Началась наконец раздача наград победителям на панафинейских играх. Судьи состязаний вызывали победителей, сначала мальчиков, затем юношей и наконец взрослых мужей.
Таким образом четырнадцатилетний сын Кления, Алкивиад, был первым вызван, чтобы получить во вновь открытом панафинейском храме награду из рук судей.
Гордый и весело глядящий мальчик получил богатую амфору с изображенным на ней Гераклом. Сосуд был наполнен маслом от священного масличного дерева Афины Паллады.

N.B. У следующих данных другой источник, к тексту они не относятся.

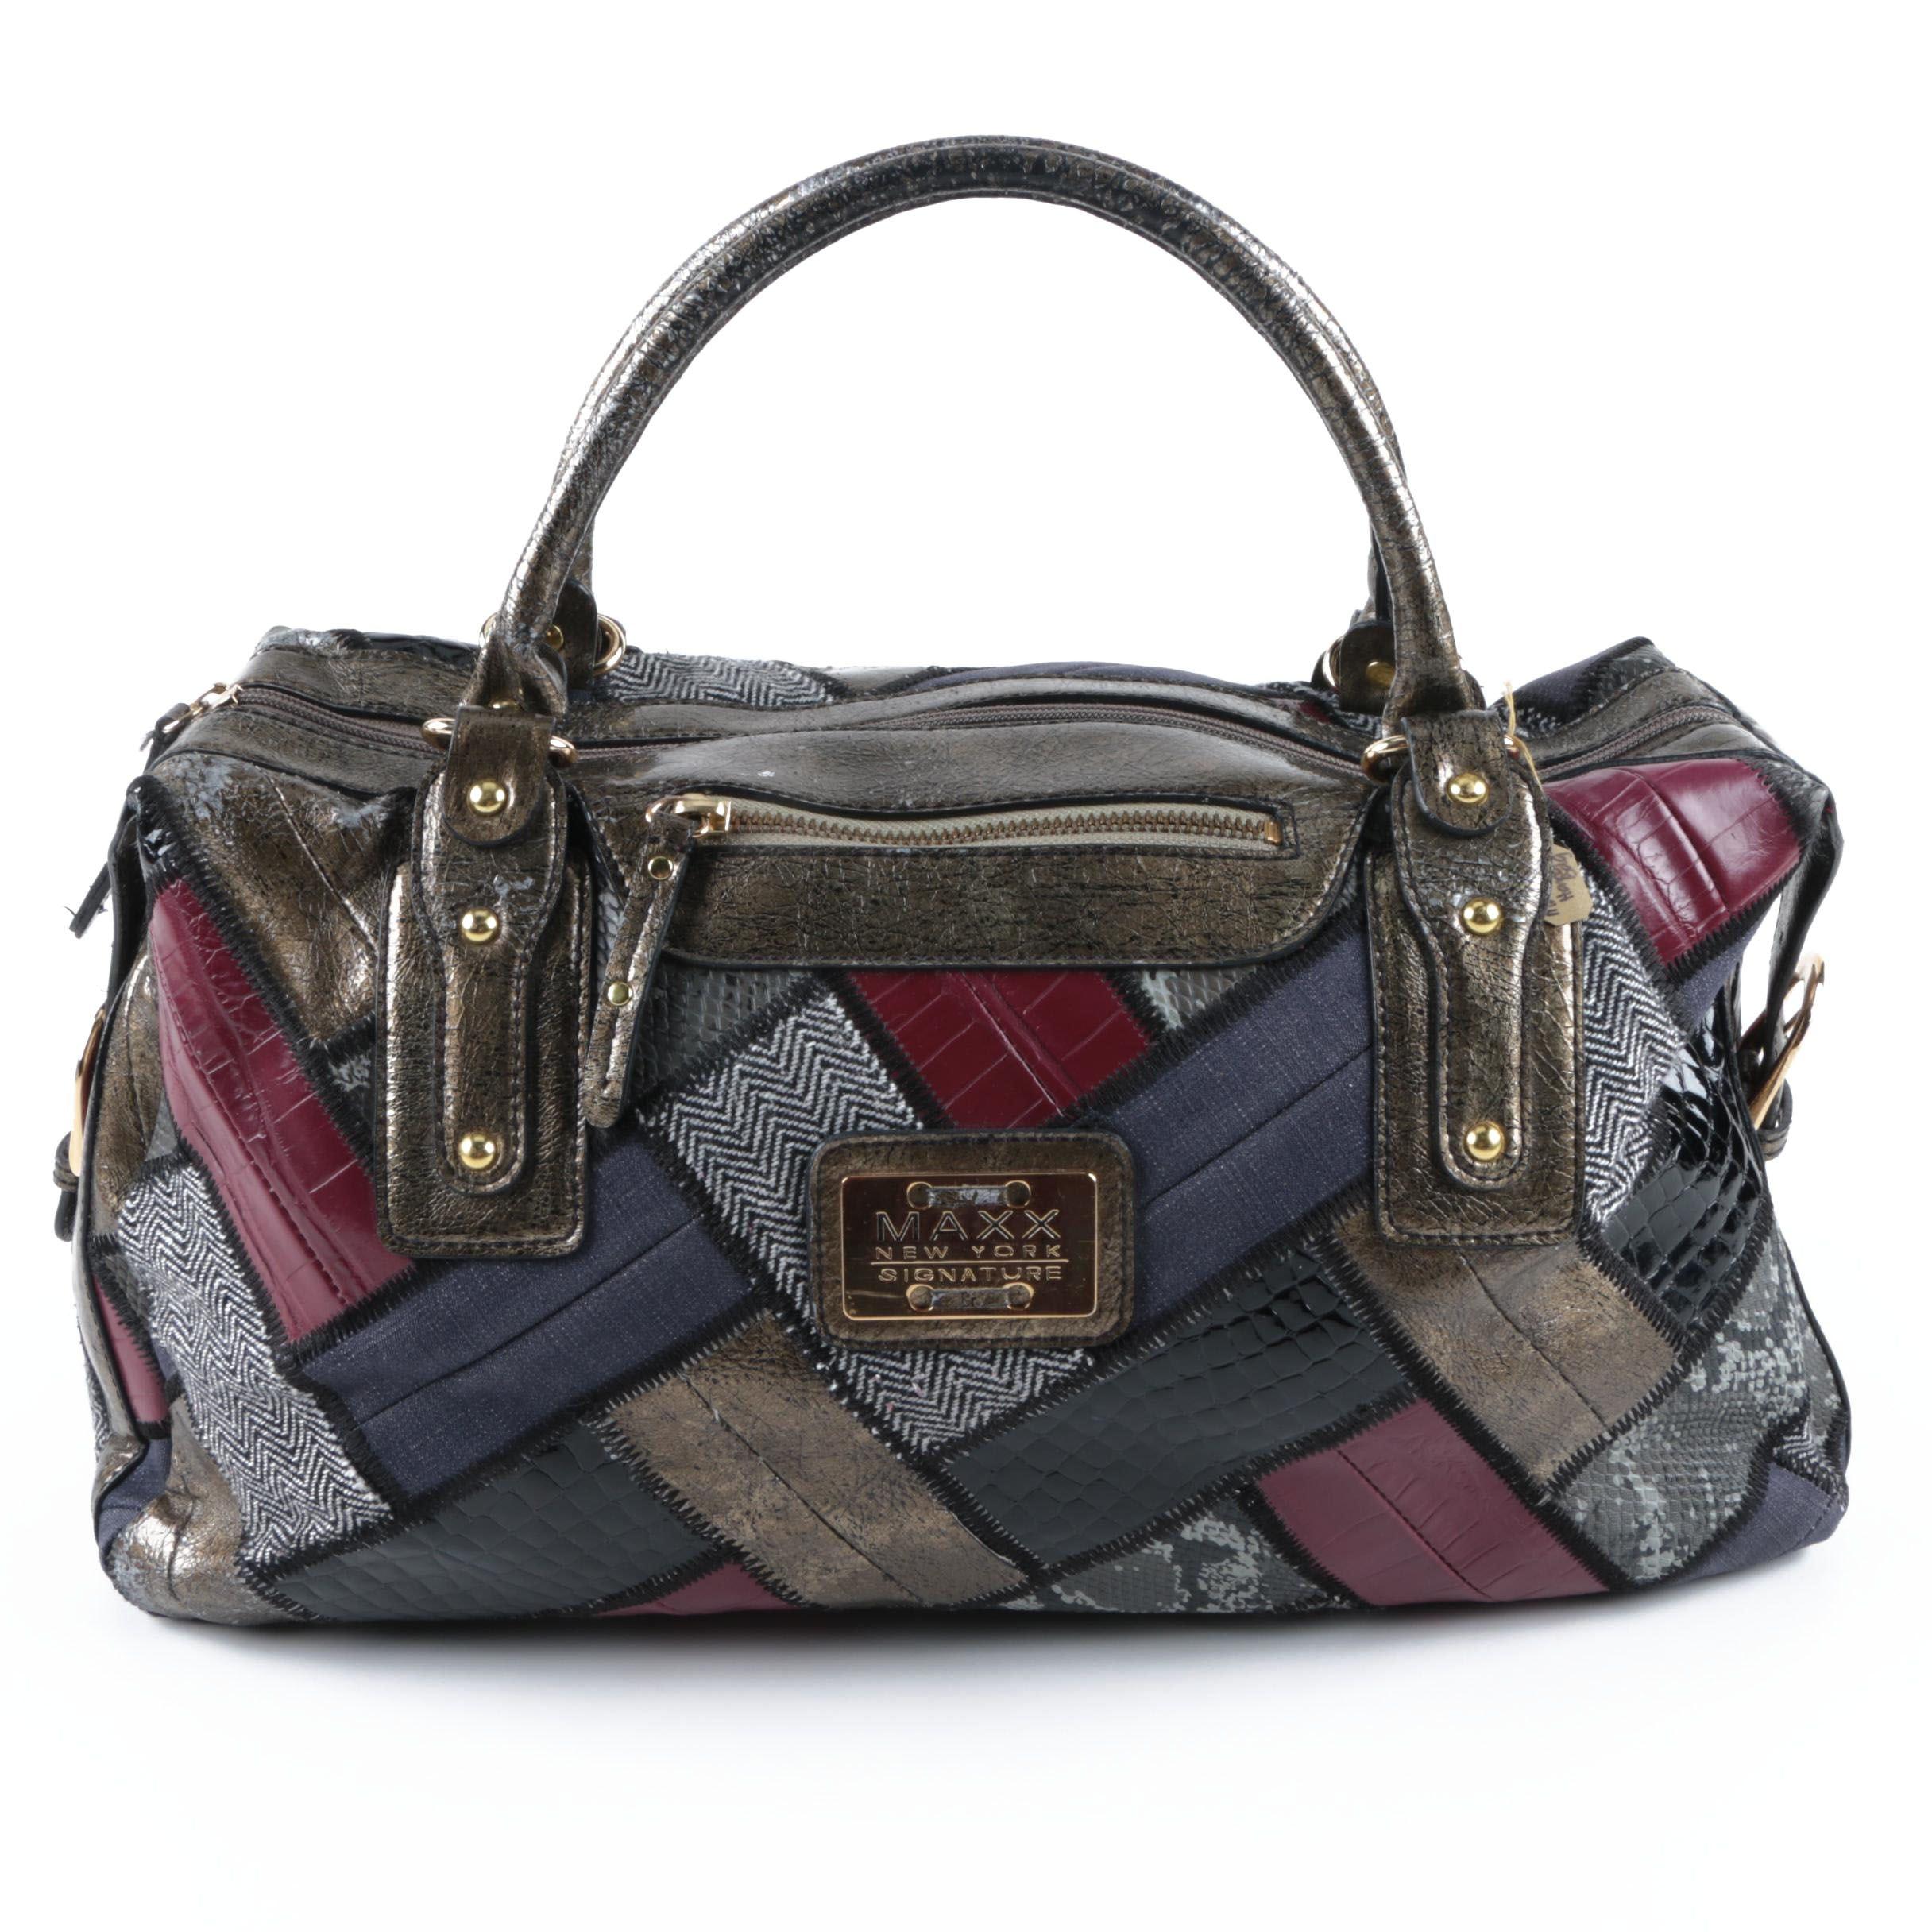 Maxx New York Patchwork Handbag

Такие же дары получили остальные победители в физических состязаниях, те же, которые вышли победителями из состязаний муз, были увенчаны золотыми венками.
После раздачи наград, перед глазами народа, афинские сокровища были перенесены в заднюю часть храма Парфенона. Эта задняя часть, помещавшаяся между колоннами Парфенона и выходившая на восточную сторону, находилась в круглом помещении без окон, освещенном одной лампой, под таинственным светом которой должна была на будущие времена храниться афинская государственная казна, заключавшаяся как в деньгах, так и в разных драгоценностях, дорогой роскошной посуде и тому подобных предметах, под присмотром казнохранителя афинского народа.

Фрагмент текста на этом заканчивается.